[Corpora-List] Lácio-Web Project --- First release

From: Sandra Maria Aluísio (sandra@icmc.usp.br)
Date: Tue Jan 20 2004 - 21:30:02 MET

  • Next message: Sylvain Loiseau: "[Corpora-List] Call for Papers: ColDoc'04, extended deadline"

    Dear colleagues

    We are pleased to announce the first release of the Lácio-Web webpage, aimed at providing corpora for Brazilian Portuguese and software tools for computational linguistic processing.

    Six corpora will be available at the end of the Lácio-Web Project in May, 2004. In this first release, two corpora are made available: one version of Lácio-Ref for research and generation of subcorpora and MAC-Morpho for download. For the download of the first public release, please visit the webpage at

    http://www.nilc.icmc.usp.br/lacioweb

    Further details of the 2 corpora being released are given below. General information is given in the webpage above:

     

    Lácio-Ref

    This version of the reference corpus has 4,156,816 words, comprising texts from five genres (news, scientific, prose, poetry and drama), several types of text (such as reports, papers, chronicles, letters), various domains (such as education, engineering, politics) and different media (magazines, Internet pages, books). Lácio-Ref is available for research with generation of subcorpora for download in 2 formats: one with headings in XML, with bibliographic data, and another with title, subtitles, authorship and the plain text.

    MAC-Morpho

    MAC-Morpho has 1,167,183 words from the newspaper Folha de São Paulo, 1994. It has been tagged with the Palavras parser by Eckhard Bick (http://visl.hum.sdu.dk) and mapped to the tagset of the Lácio-Web project.
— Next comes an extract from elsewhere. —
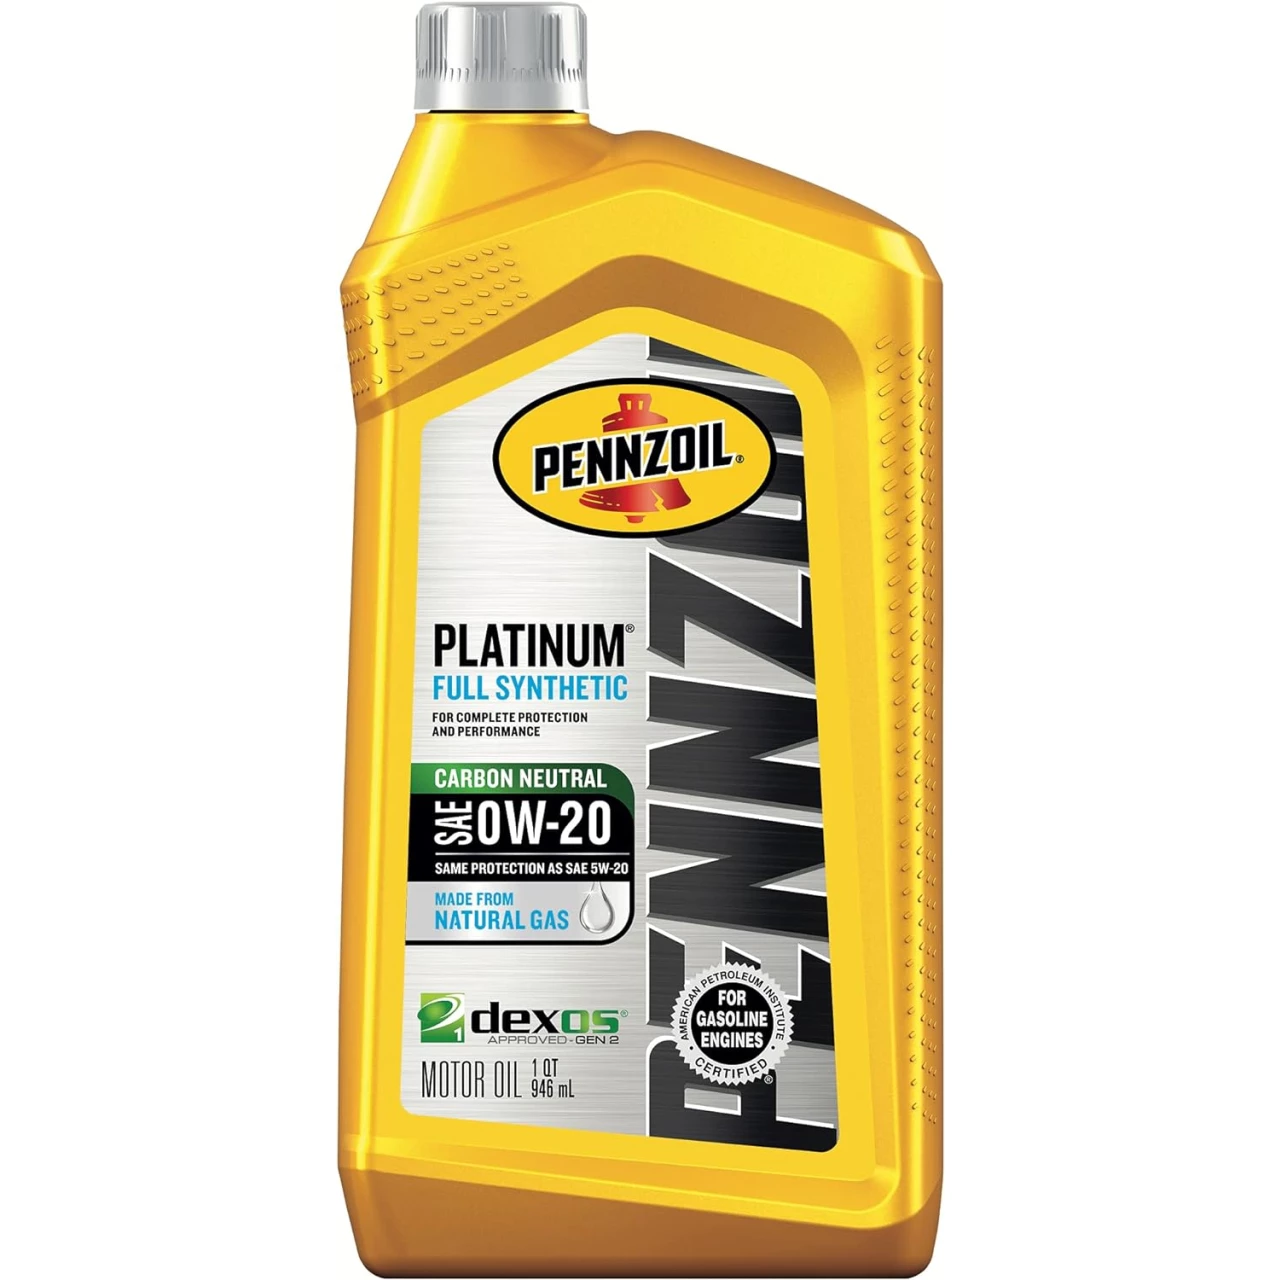 Pennzoil Platinum Full Synthetic 0W-20 Motor Oil (1-Quart, Case of 6)
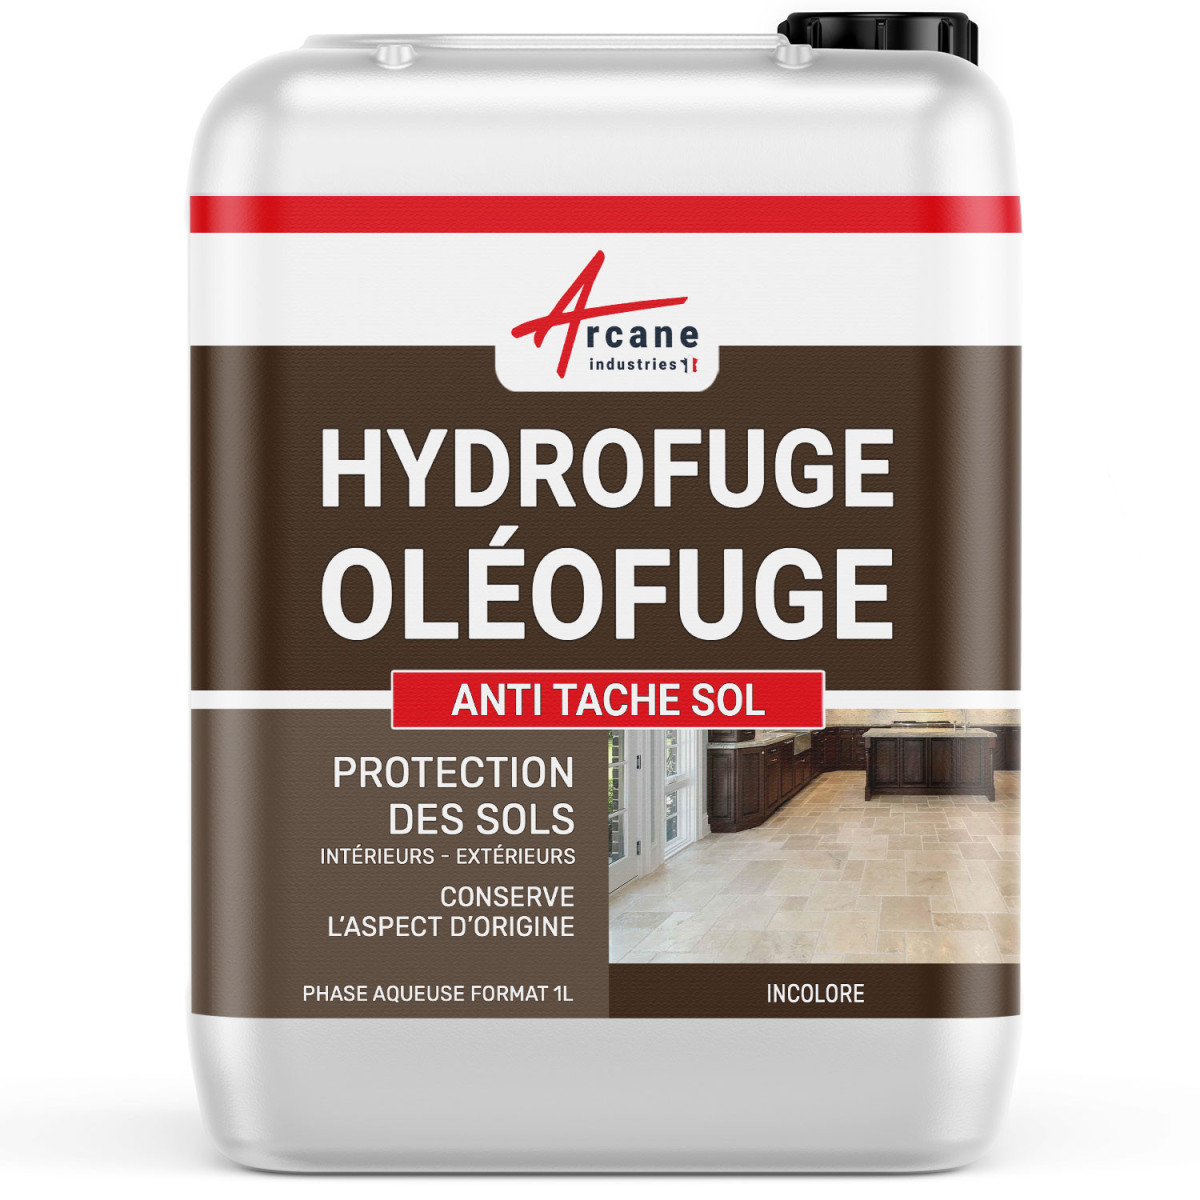 Hydrofuge oléofuge, imperméabilisant travertin et sols poreux : ANTI TACHES SOL

The morphosyntactic tags have been manually revised. MAC-MORPHO is available for download in 2 formats:

    1) for linguistic research with frequency counters and concordancers, for example.

    2) for training taggers, as it allows the tagset to be altered. For instance, some sub- specification of the tags has been removed and multiword items were separated. These changes increased the size of the corpus to 1,221,468 words.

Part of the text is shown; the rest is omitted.